L’être, considéré concrètement, et par exemple dans la personne, se ramène donc à ce je-ne-sais-quoi de douteux et d’équivoque, à cet hybride d’être et de non-être, à ce presque-rien en un mot qu’est le fuyant devenir. Le devenir contrarie l’arrondissement plastique de l’objet, car il est la dimension selon laquelle l’objet se défait sans cesse, se forme, se déforme, se reforme et se transforme ; le changement que le devenir fait advenir n’est pas modelage, mais modification continuée(1).

– Vladimir Jankélévitch

Le travail d’Alexandre David se distingue du fait qu’il résiste à se laisser fixer dans un seul langage ou un seul registre artistique. Ses installations sont autant d’espaces d’indécision où se lient et se délient, se conjuguent et se repoussent les qualités plastiques qu’évoque leur apparence minimale. Loin de perpétuer les valeurs modernistes qui en feraient des objets spécifiques stables et autonomes, les constructions de bois proposées par l’artiste jouent sans cesse sur les écarts et les variations. Elles misent sur l’oscillation du sens et de la forme, sur ce je-ne-sais-quoi ou ce presque-rien que Jankélévitch associe au perpétuel devenir des choses, incessant mouvement de dévoilement qui se déploie dans l’expérience.

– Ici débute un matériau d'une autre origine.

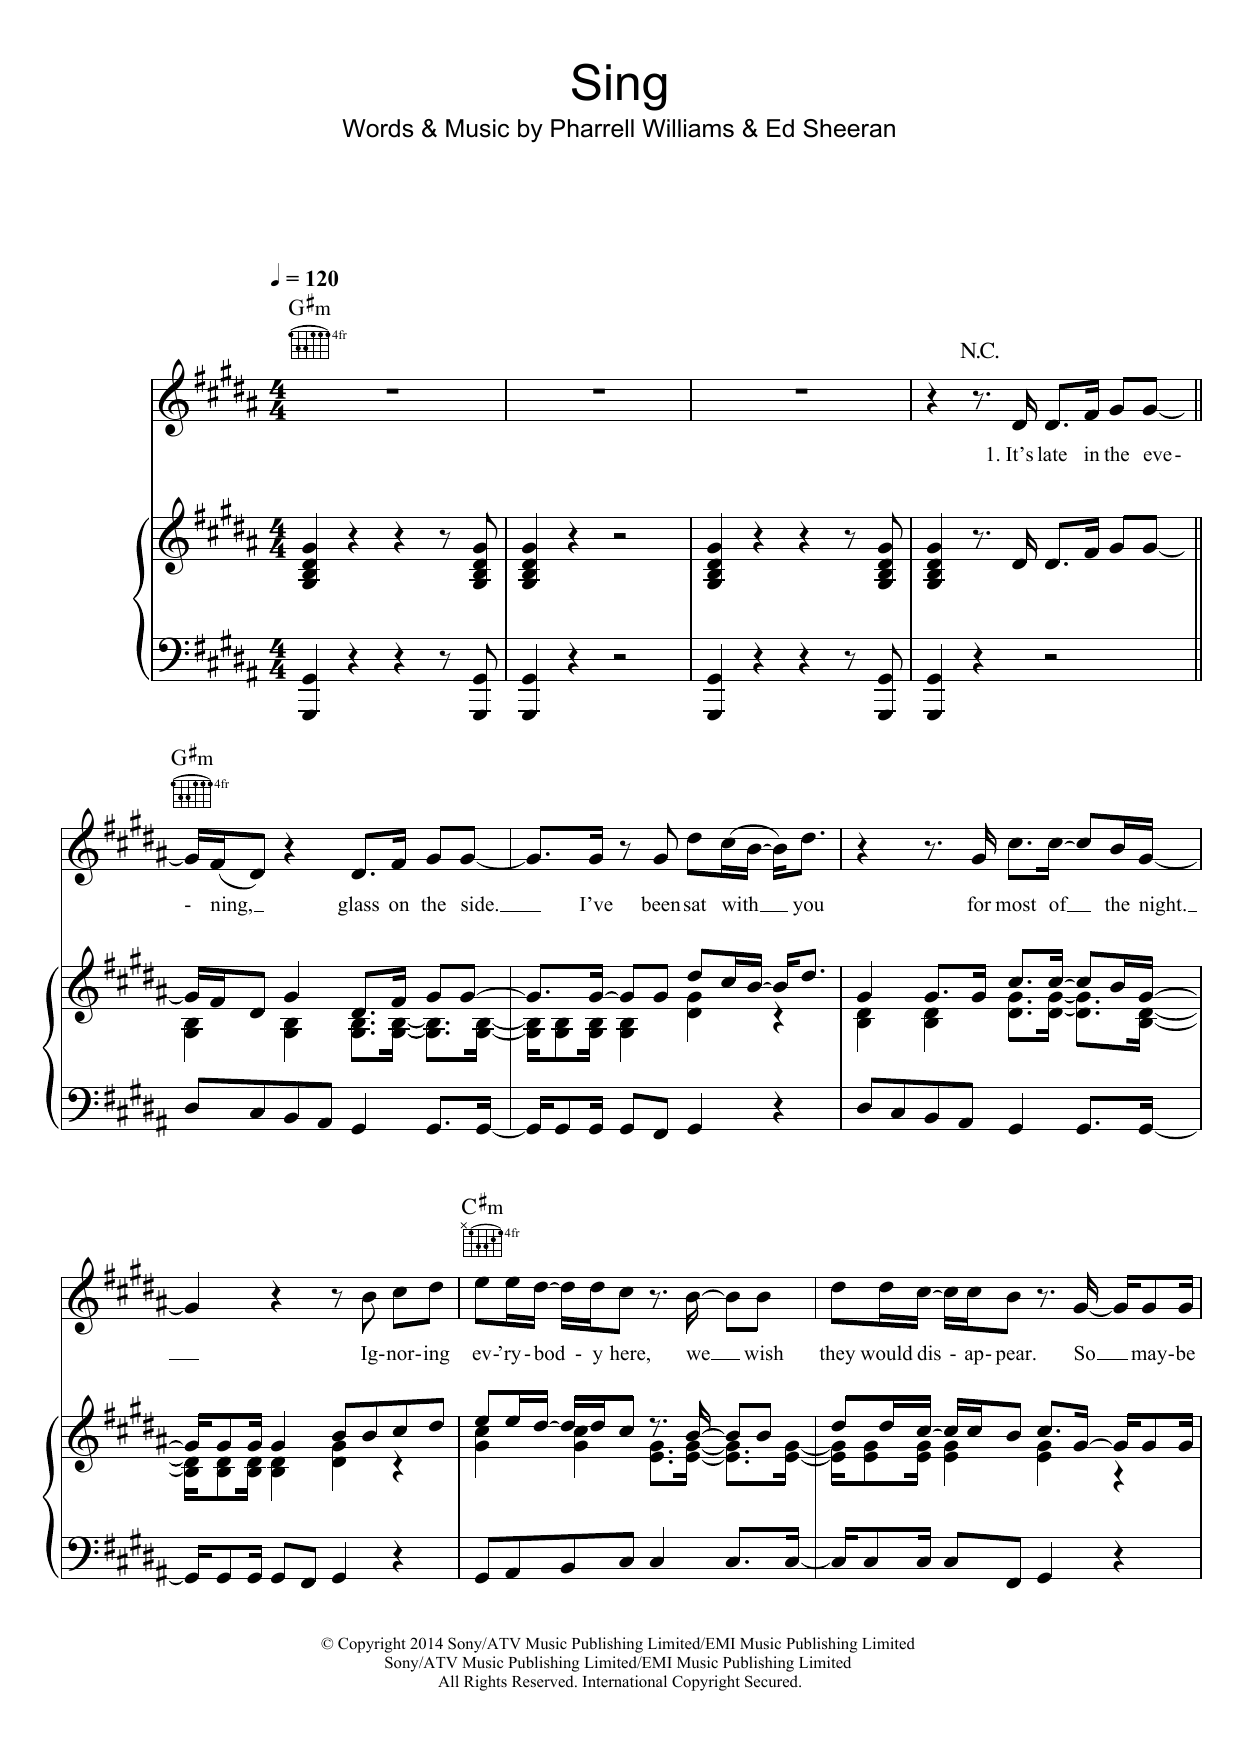 Ed Sheeran Sing Sheet Music Notes & Chords for Guitar Tab - Download or Print PDF

Alexandre David crée des œuvres à l’identité hybride, irréductibles aux réflexions formelles de l’art minimal qu’elles inspirent à première vue. Inclassables, c’est presque toujours dans un entre-deux qu’elles sont situées : entre image et objet, plan et volume, forme et matière, sculpture et architecture. En fait, ce travail tire moins son sens de la présence physique des œuvres que de leur capacité à tisser des liens. L’artiste ne produit ni des images ni des objets, mais des champs de présence à exploiter dans la durée. Ses sculptures ne font donc pas qu’occuper l’espace, elles sont elles-mêmes des lieux. Ce sont des lieux épurés, chargés d’une certaine familiarité, mais sans cesse travaillés par le doute, par une part d’indéterminé qui ouvre à de multiples possibilités. Indissociables de leur rapport au temps et à l’espace, ces lieux ne prennent sens qu’à être parcourus, investis et interrogés par le spectateur, dans le mouvement du corps et de la pensée qu’ils induisent. C’est parce qu’elles mettent en jeu le presque-rien que les interventions de David se dérobent ainsi à la fixité. Leur ingéniosité tient à l’épaisseur de l’entre qu’elles renégocient chaque fois, comme autant de lieux de passage. Entre l’apparence et la présence, l’expérience physique et sa représentation mentale, c’est là que loge le projet de l’artiste.

David travaille ainsi depuis une vingtaine d’années à réinventer constamment cette expérience critique. Ses explorations picturales et photographiques qui l’ont d’abord fait connaître présentaient cette même ambivalence du signe à travers une esthétique épurée, aux images fuyantes et instables. Depuis son exposition solo au Musée d’art contemporain de Montréal en 2002, c’est comme sculpteur que David s’est imposé dans le paysage artistique québécois. Dans ses plus récentes productions, présentées au centre Optica au début de l’année 2007 et à La Chambre Blanche à Québec au mois d’avril, il poursuit sa réflexion sur la relation dialectique entre la sculpture et l’expérience spatiale ou architecturale entamée dans les dernières années. Un regard rétrospectif sur son travail de sculpture révèle toute l’importance qu’y prend l’idée de lieu. Si, comme le suggère Georges Didi-Huberman, l’artiste est un « inventeur de lieux(2) », c’est d’abord en façonnant des espaces qui peuvent éclairer et transformer nos expériences les plus quotidiennes pour leur donner une tonalité nouvelle. C’est du moins dans cette continuité qu’Alexandre David inscrit sa démarche, pour que l’expérience esthétique ne se replie pas dans une contemplation isolée mais participe de notre rapport au monde bâti de manière générale.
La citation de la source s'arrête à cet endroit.